Filter the data below, keeping only lines that contain "Weight".

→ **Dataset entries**
== Segment start ==
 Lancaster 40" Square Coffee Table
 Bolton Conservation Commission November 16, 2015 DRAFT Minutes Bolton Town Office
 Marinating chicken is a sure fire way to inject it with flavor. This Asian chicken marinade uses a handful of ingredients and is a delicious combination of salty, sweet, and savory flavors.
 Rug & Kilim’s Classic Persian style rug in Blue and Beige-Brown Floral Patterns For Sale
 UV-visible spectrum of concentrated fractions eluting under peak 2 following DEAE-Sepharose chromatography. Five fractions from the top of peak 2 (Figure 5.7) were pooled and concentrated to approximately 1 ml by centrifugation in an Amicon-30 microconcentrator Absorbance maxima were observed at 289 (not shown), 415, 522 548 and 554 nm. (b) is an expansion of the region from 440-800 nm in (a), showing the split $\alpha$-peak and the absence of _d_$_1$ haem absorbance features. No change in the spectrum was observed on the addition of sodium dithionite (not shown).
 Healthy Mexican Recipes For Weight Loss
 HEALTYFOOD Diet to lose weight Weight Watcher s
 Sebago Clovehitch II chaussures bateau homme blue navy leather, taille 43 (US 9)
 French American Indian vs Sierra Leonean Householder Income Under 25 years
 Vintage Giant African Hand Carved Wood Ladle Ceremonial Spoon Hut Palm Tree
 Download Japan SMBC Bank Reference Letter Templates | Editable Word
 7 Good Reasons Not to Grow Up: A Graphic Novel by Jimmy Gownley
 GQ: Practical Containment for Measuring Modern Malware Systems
== Segment end ==
→ **Exercise response**
 Healthy Mexican Recipes For Weight Loss
 HEALTYFOOD Diet to lose weight Weight Watcher s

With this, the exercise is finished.